Buyers want proof that ownership is airtight. In the US, inventors own their inventions until rights are formally assigned, and one missing signature can derail a global transaction. In mixed jurisdictions, an unsigned US inventor can splinter ownership worldwide. A single gap in the chain can give that individual leverage to license the technology elsewhere, forcing costly settlements and uncertainty. The best practice is to document every step, from idea to ownership, and use immediate assignments. Verify signatures and demand complete upstream chains for licensed technology. A clean chain of title signals discipline and builds investor trust.

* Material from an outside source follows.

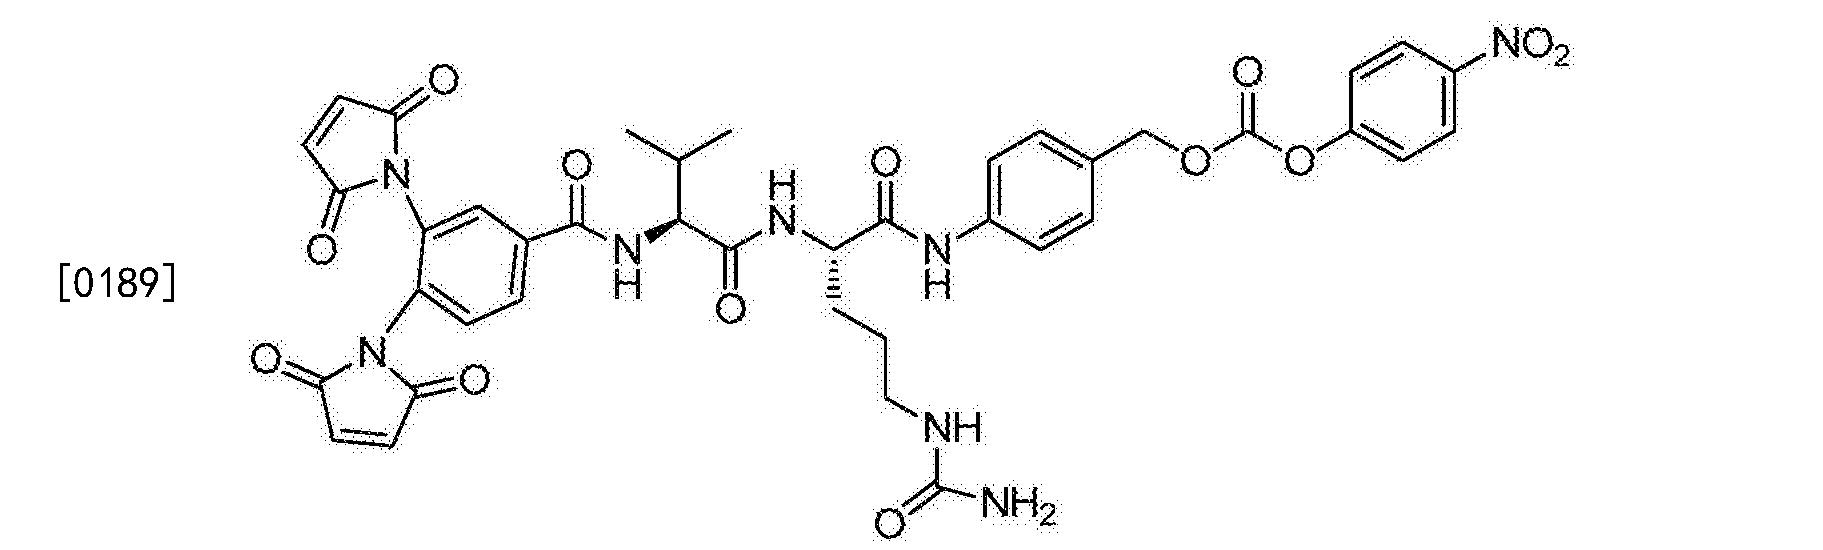 Figure CN103933575BD00271

Scope defines how far ownership extends. Patents are property, but their value depends on how effectively they protect revenue. Strong portfolios show how IP blocks competitors, how broad the claims are, and how patents, trade secrets, trademarks, and copyrights interlock to defend market share. A narrow claim or uncoordinated filing strategy invites workarounds and weakens leverage. Savvy sellers link patents directly to business outcomes, maintain continuation filings to track market shifts, and integrate branding, code rights, and confidential know-how to widen the moat.
Trade secrets fill the gaps where patents cannot. But confidentiality alone does not create legal protection. Due diligence teams ask whether written policies exist, NDAs are enforced, and access controls are real. A company that can describe its “secret sauce” without exposing it, and prove it protects that information, earns credibility.
Freedom to operate (FTO) is the final test of market viability. It asks not whether a product is patentable, but whether it can be sold without infringing the rights of others. A company may hold powerful patents yet still face litigation. FTO analysis maps these risks, aligns launch timelines with patent expirations, and identifies where licences or design changes may be required. Buyers do not expect perfection; they expect preparedness.
Cross-border transactions multiply complexity. IP rights differ by jurisdiction – what is enforceable in Germany may be narrow in the US, and translations can distort claim scope. Due diligence must account for filing timelines, regulatory exclusivities, and enforcement strength in each market. A portfolio strong in Tokyo can be toothless in Texas.
For investors, the goal is not zero risk but confidence. They look for three signals: clear ownership, scope that shields the business model, and mapped third-party risks. Companies that audit assignments, link IP to revenue, assess FTO early, and enforce trade-secret policies turn potential liabilities into bargaining power.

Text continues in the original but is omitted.